Все встали на колени перед иконами, помолились. Дядя Коля сам погасил лампадки. Несколько икон снял с иконостаса, укутал простыней, уложил в сумку и передал Марусе. Разобрали котомки и сумки – кому что нести. Вышли на улицу. Дядя Коля повесил замок на дверь, перекрестил дом. Вывел из хлева корову. Прощально взглянул на видневшуюся деревню. И скорбная процессия тронулась в путь…
И никто-никто тогда не догадывался, что даже через семьдесят лет люди будут помнить деревню Большое Заречье, что здесь будет устроено мемориальное кладбище. На месте сожженных немцами домов, в одном из которых было заперто около сотни живых людей, будут оставлены голые печи и трубы – как танки памяти. А на мраморе среди перечисленных имен загубленных фашистами жителей деревни будет стоять имя тети – Марии Степановой.
Дядя Коля повел нас своим путем – напрямик на деревню Ляды. Шли то полем, то лесом. То по тропинке, то по тележной до-роге. Шли медленно, так как вначале корова мотала головой, упрямилась. Потом ничего, разошлась. Мы почти не разговаривали. Только изредка отдельные реплики слышались. У каждого были свои тяжелые думы. Марусю никто ни о чем не расспрашивал, даже отец. Видимо, потревожить боялся. Шла себе тихо – и слава Богу, что шла. Лёнька угрюмо молчал. Переживал, наверное.

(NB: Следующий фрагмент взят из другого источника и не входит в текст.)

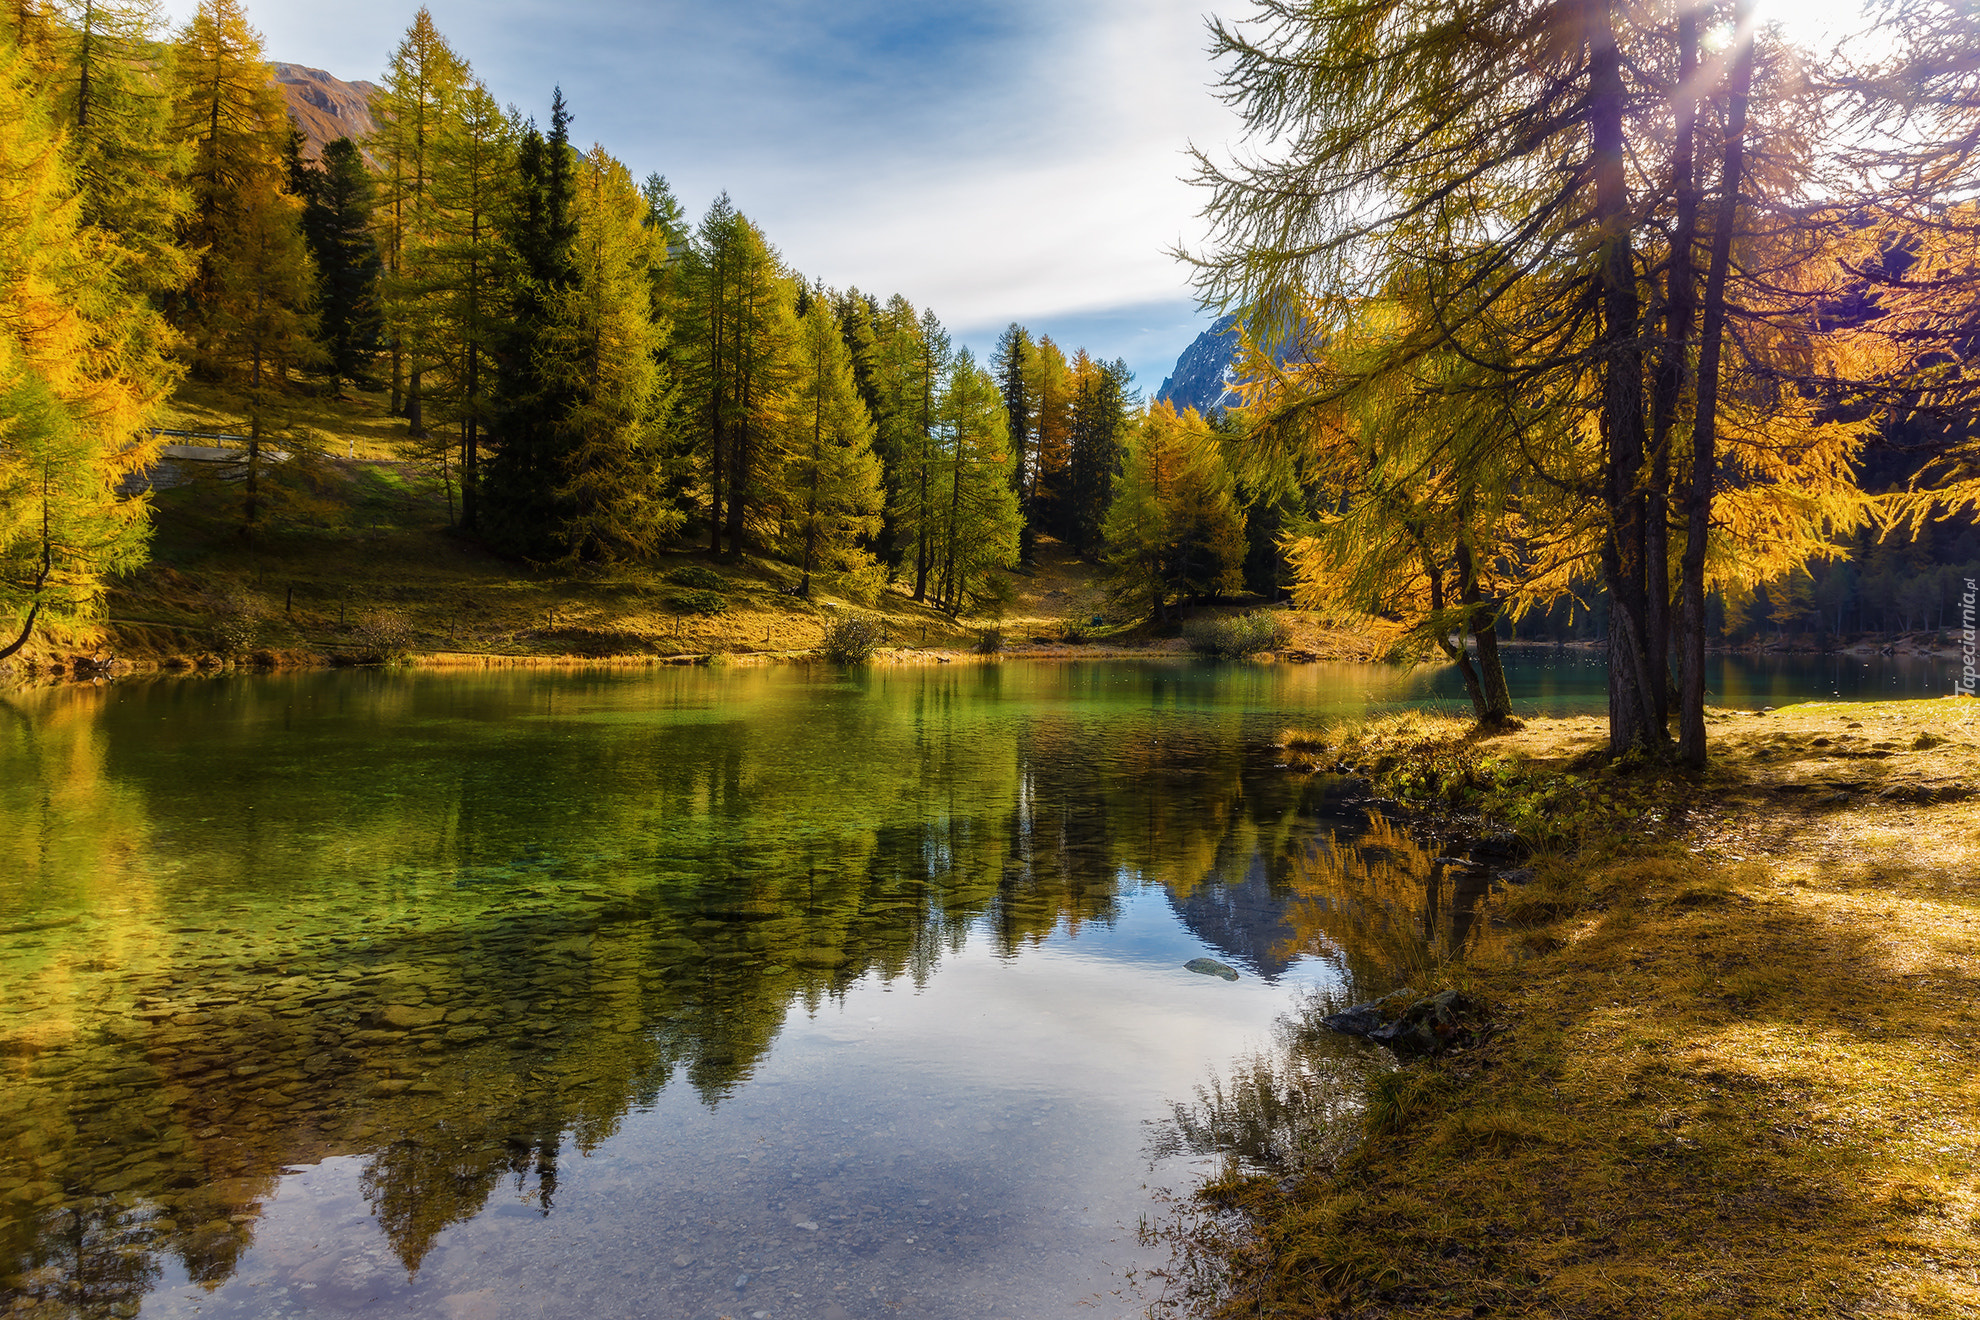 Jezioro Lai da Palpuogna, Jesień, Drzewa, Park przyrodniczy Ela, Kanton Gryzonia, Szwajcaria

Были и у меня думы тяжелые о вчерашнем дне. Когда монотонно вот так идешь и идешь, от дум никуда не спрятаться. Ведь окажись я более жадным до сладостей и люби солгать, то я оказался бы невольным предателем. А Лёньке даже не пришлось бы ходить на допрос. Как коварны и как жестоки враги! Совсем не такие, как в песнях мы их представляли.
Часа через три мы вышли к деревне Ляды. Заходить в нее не стали – обошли стороной и вышли на знакомую Феде и бабушке лесную дорогу на Реполку. Прошли по ней до болота, которое Федя Карловским называл.
– Отсюда до Реполки семнадцать километров осталось, – сказал он. – Ни одного жилья, ни одного сарая дальше не встретим. Один лес да болота разные.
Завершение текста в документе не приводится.